### Problem statement
Reproduce the listing below exactly. Pictures do not belong in the copy.

### Data below
########################################

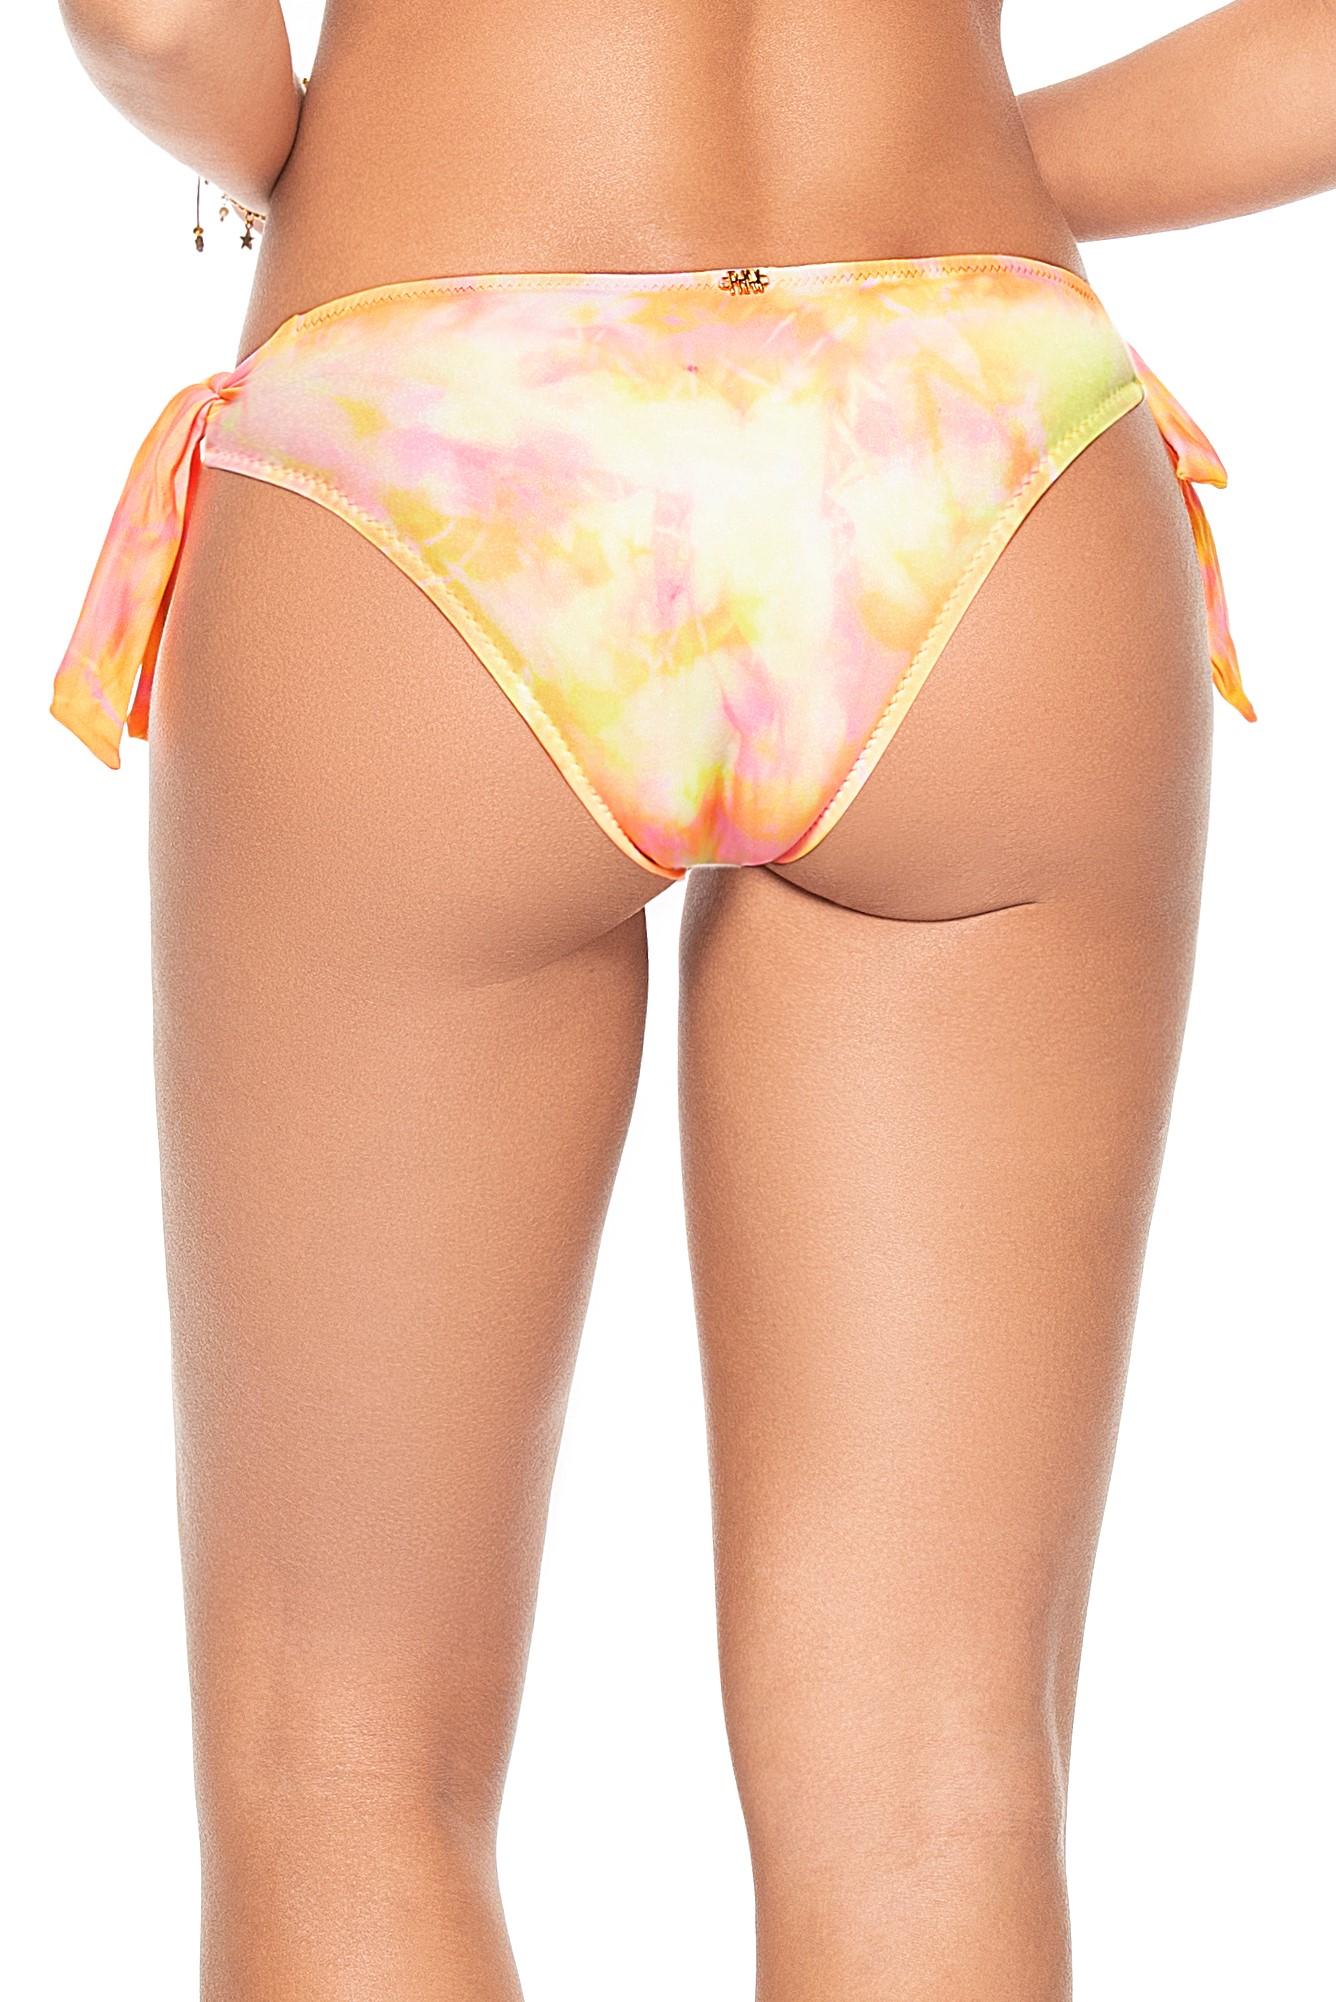 Phax Bella Iceland Yellow Tie Dye Tie Side Bikini Bottom
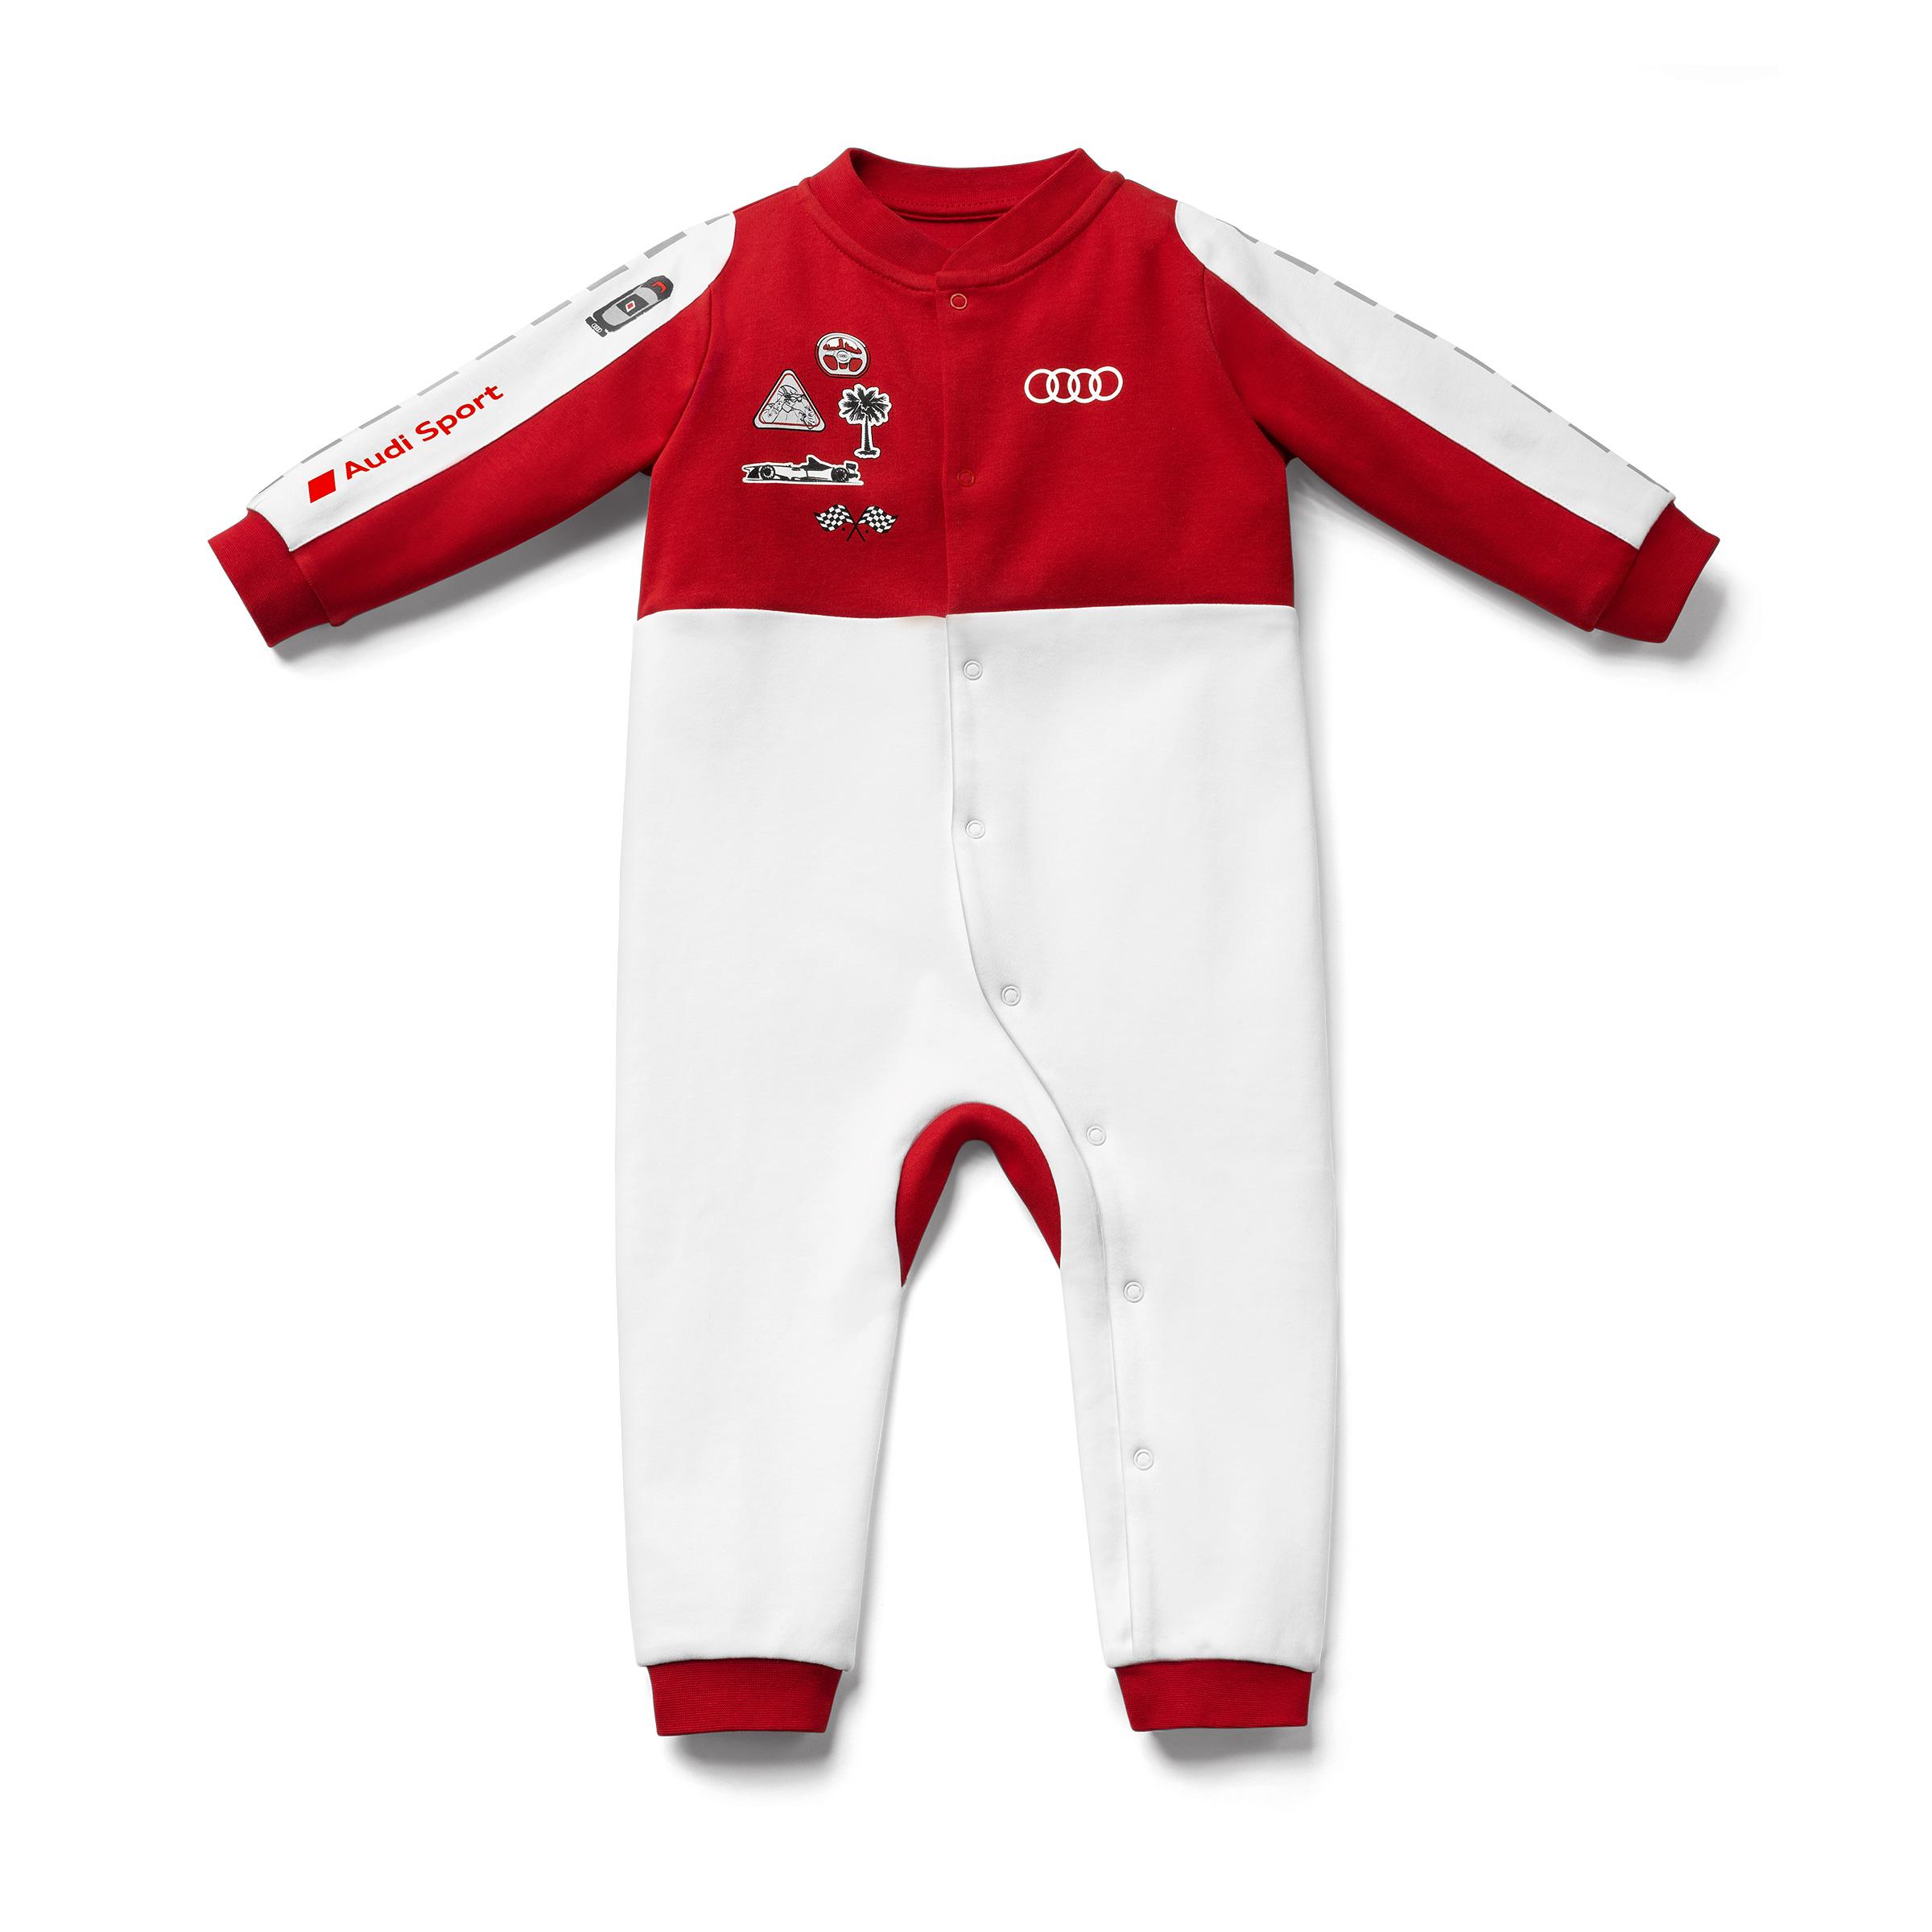 Audi Sport Baby Strampler Racing Größe 62/68 weiß/rot Baumwolle
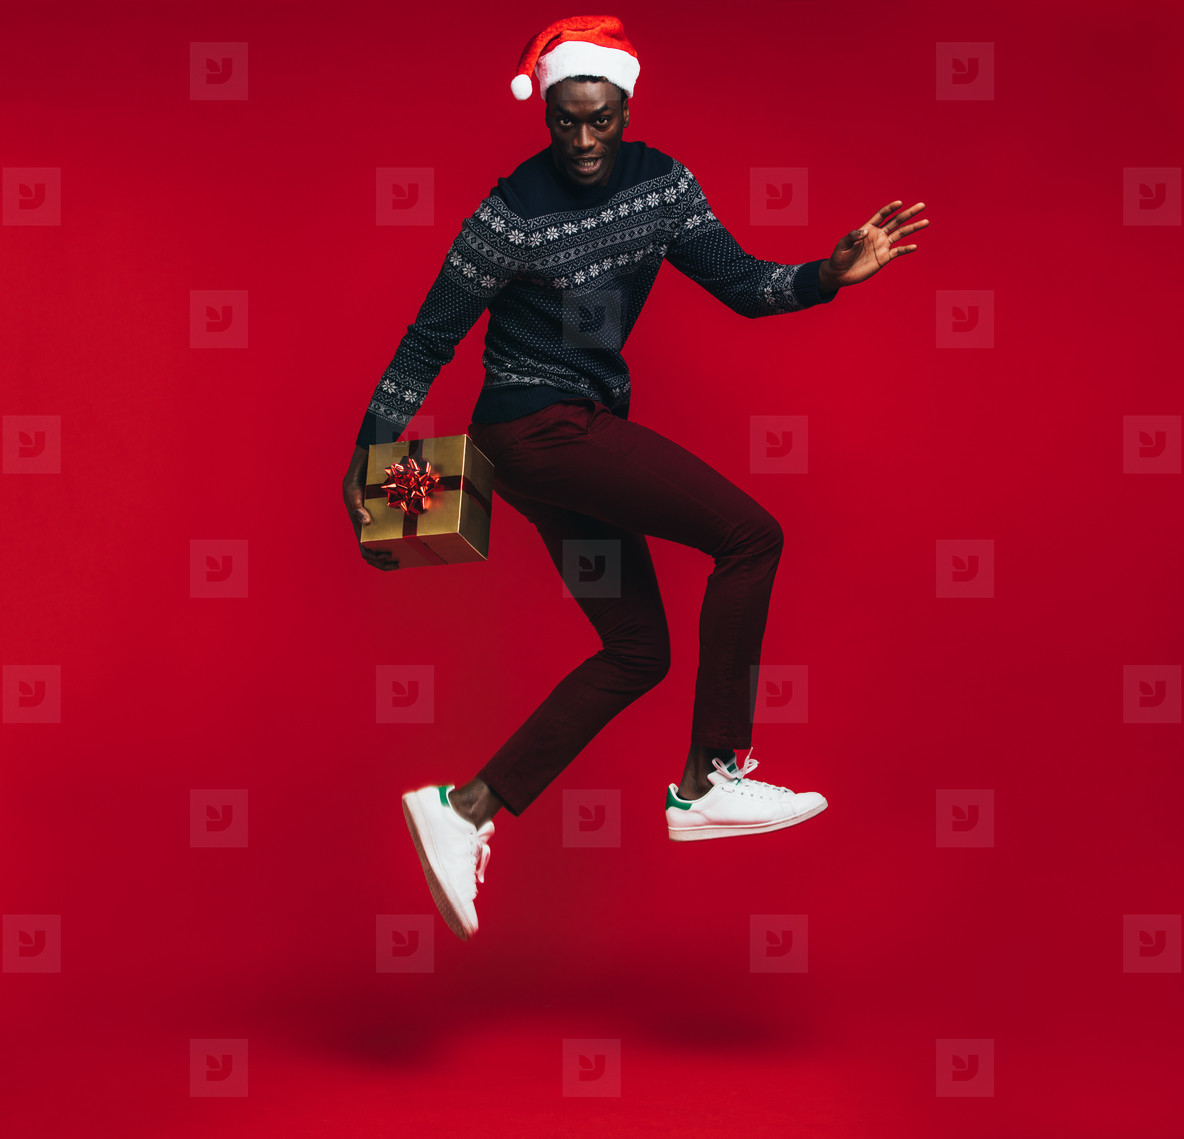 Stylish man jumping with christmas present

########################################

### The answer
 Phax Bella Iceland Yellow Tie Dye Tie Side Bikini Bottom
 Audi Sport Baby Strampler Racing Größe 62/68 weiß/rot Baumwolle
 Stylish man jumping with christmas present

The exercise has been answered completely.